About this exercise |
Every line below must come back exactly as it stands, with the images omitted.

Input data |
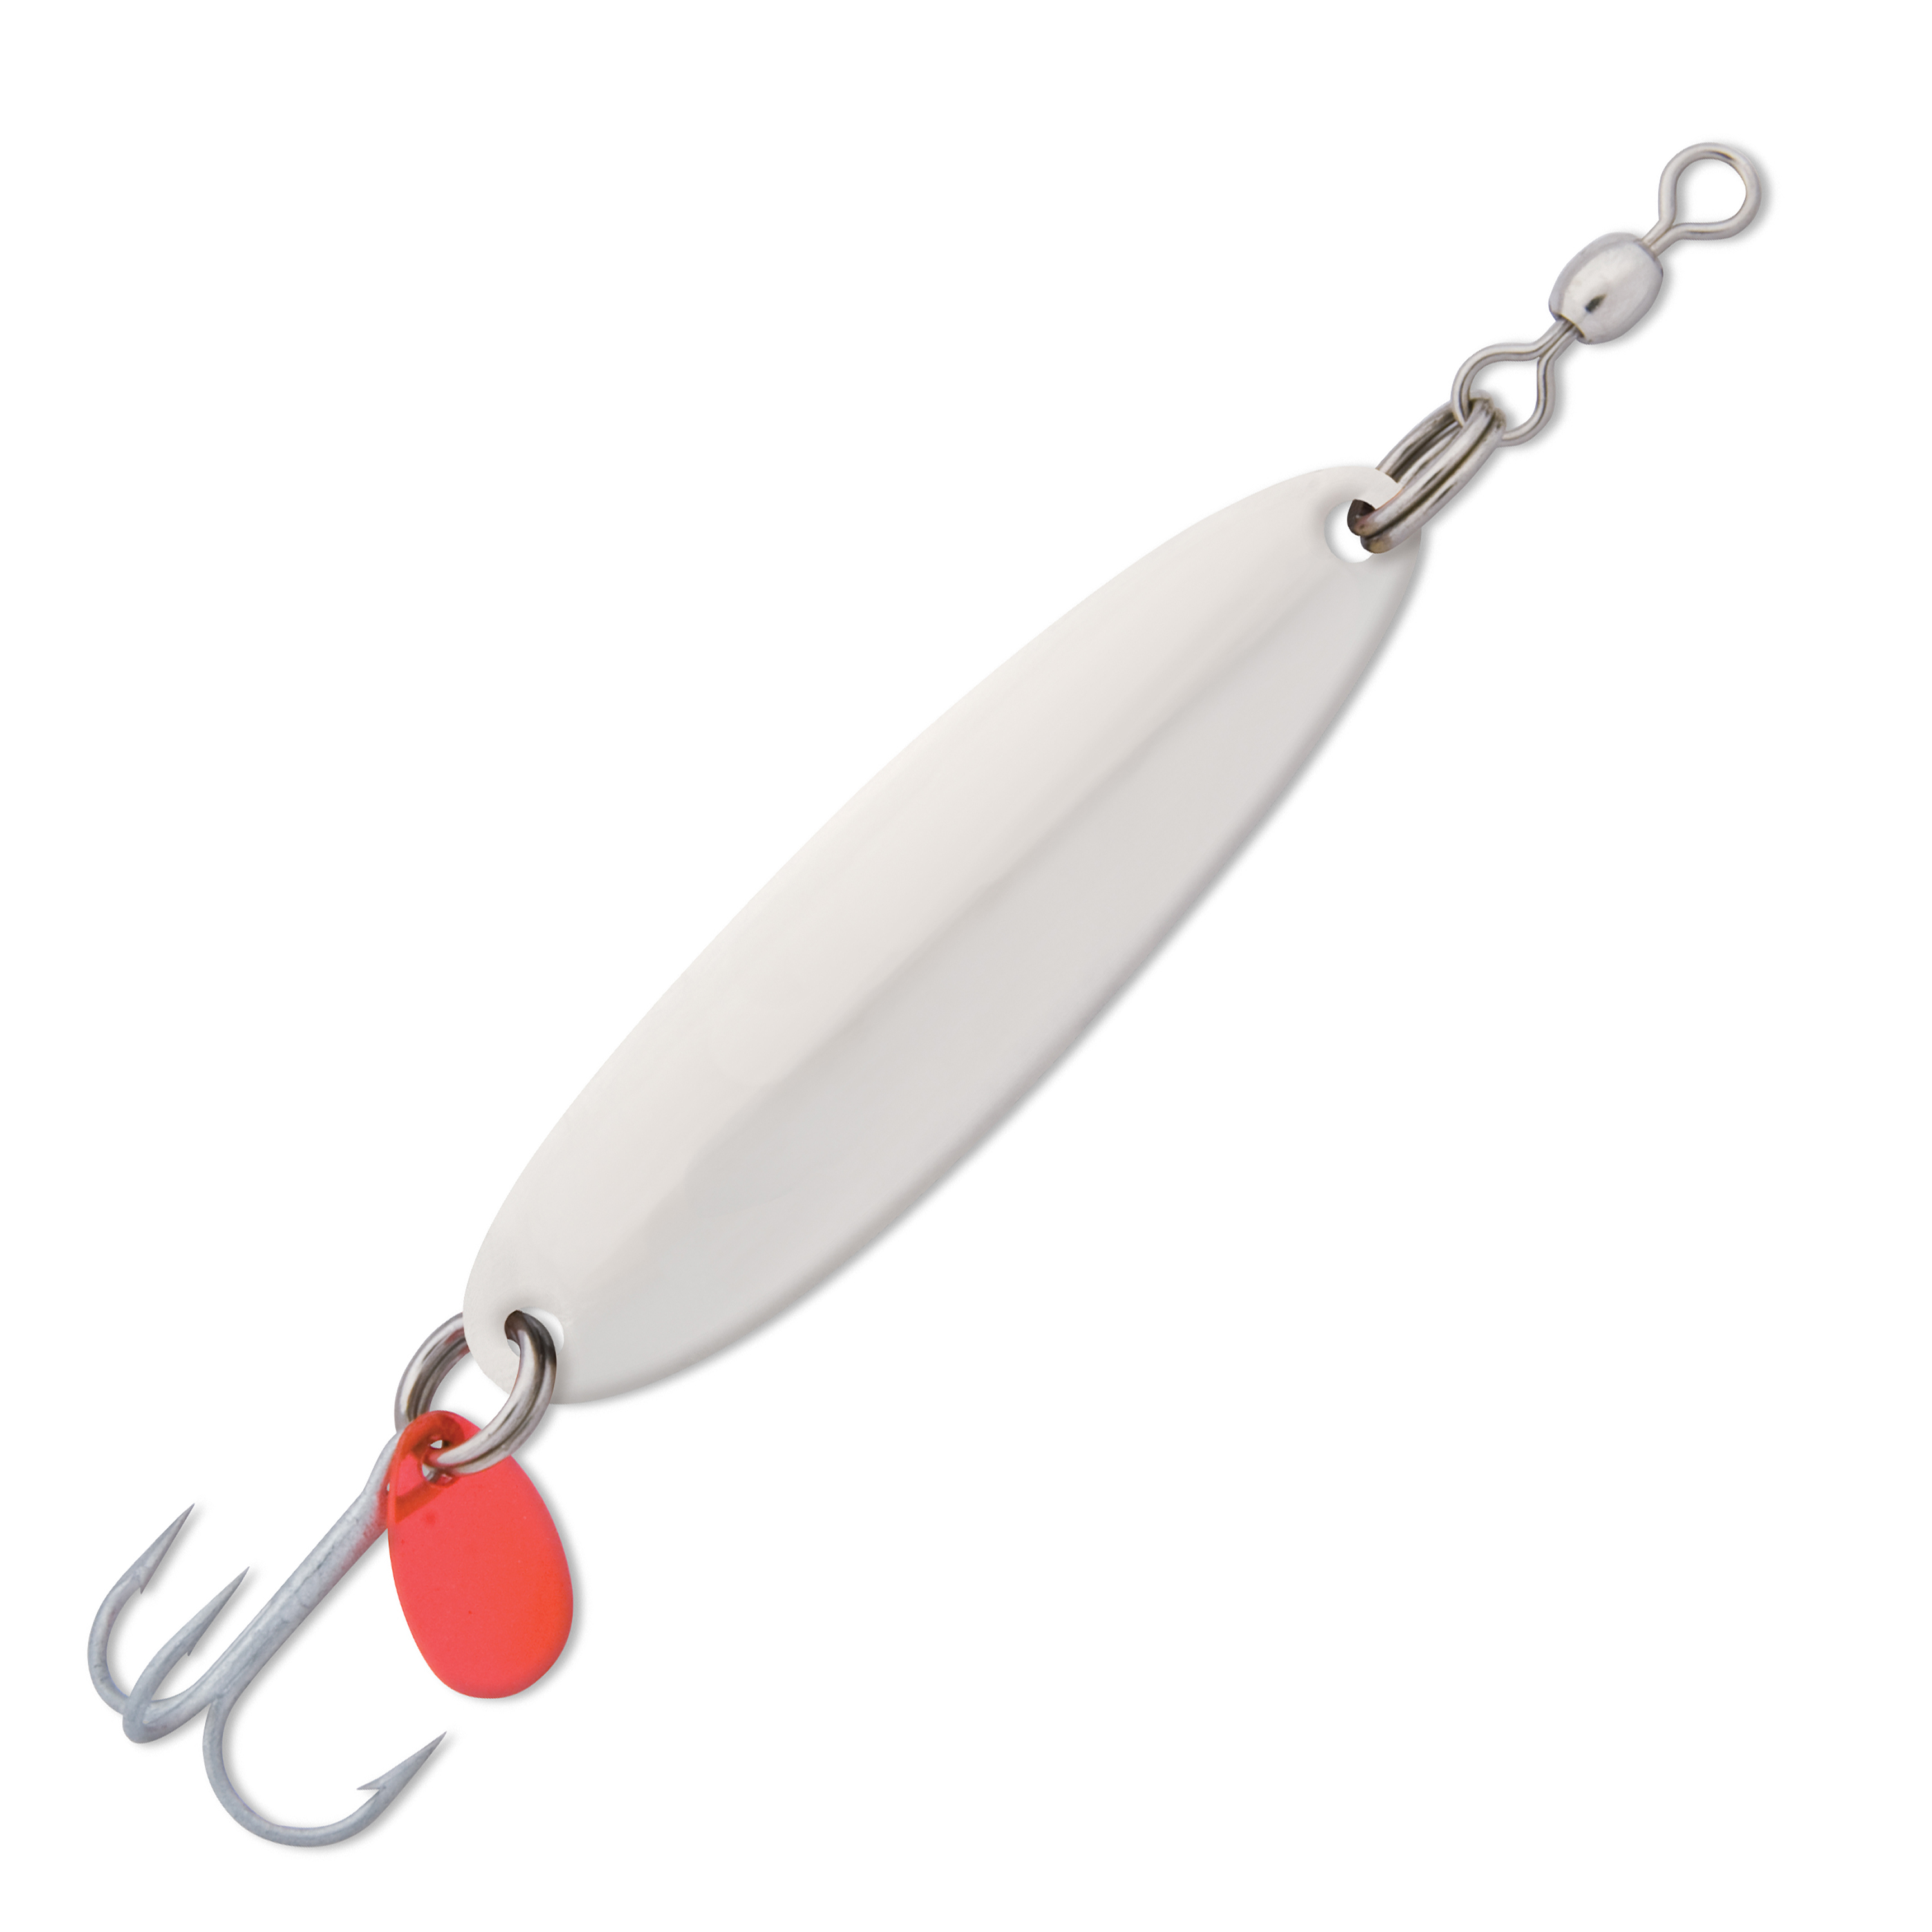 Spoon) Super Duper Luhr Jensen Trout Fishing Top 5 Best Lure Color
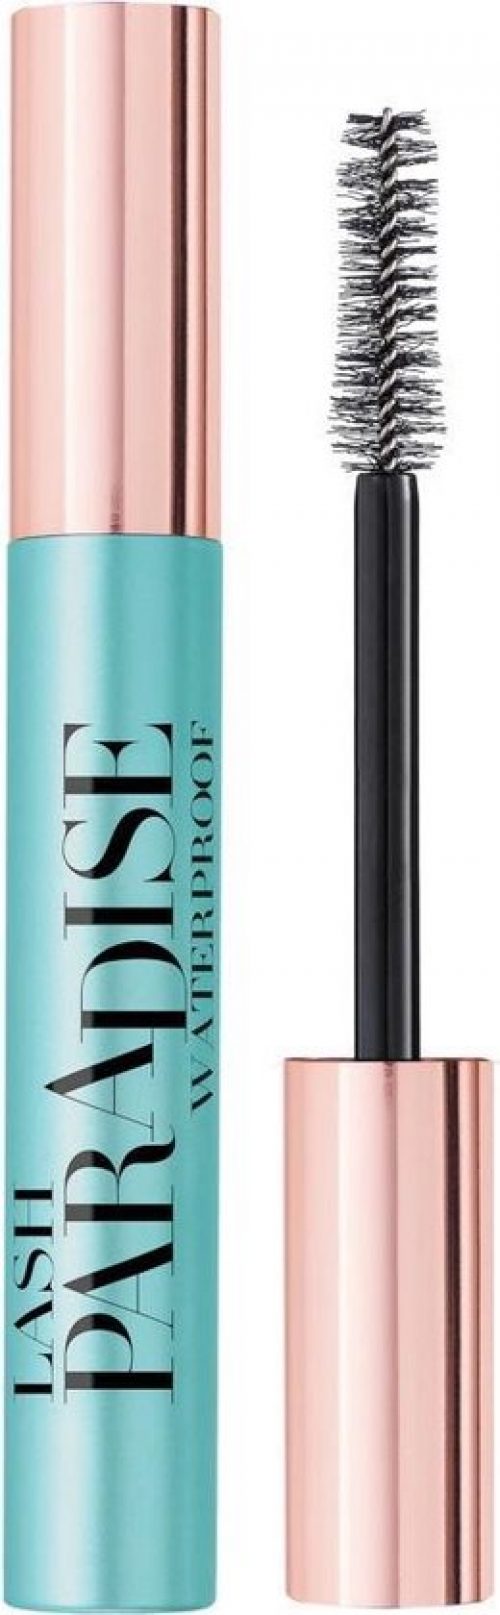 L’Oréal Paris - Lash Paradise Mascara Waterproof - 6,4 ml (Paradise Extatic)
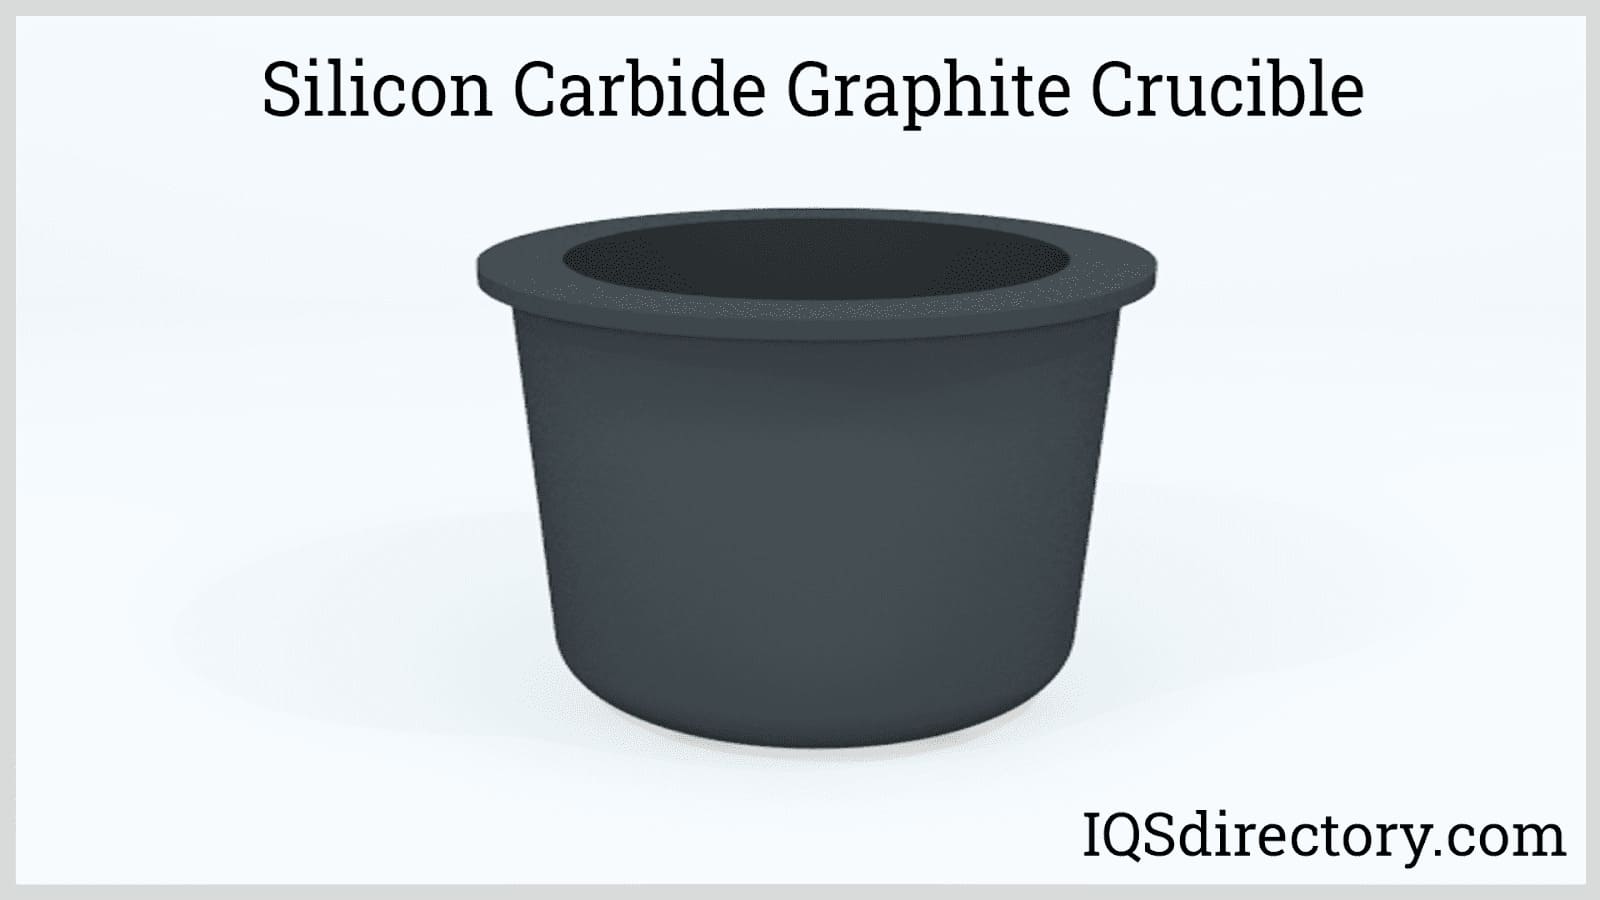 Silicon Carbide Graphite Crucible

Exercise response |
 Spoon) Super Duper Luhr Jensen Trout Fishing Top 5 Best Lure Color
 L’Oréal Paris - Lash Paradise Mascara Waterproof - 6,4 ml (Paradise Extatic)
 Silicon Carbide Graphite Crucible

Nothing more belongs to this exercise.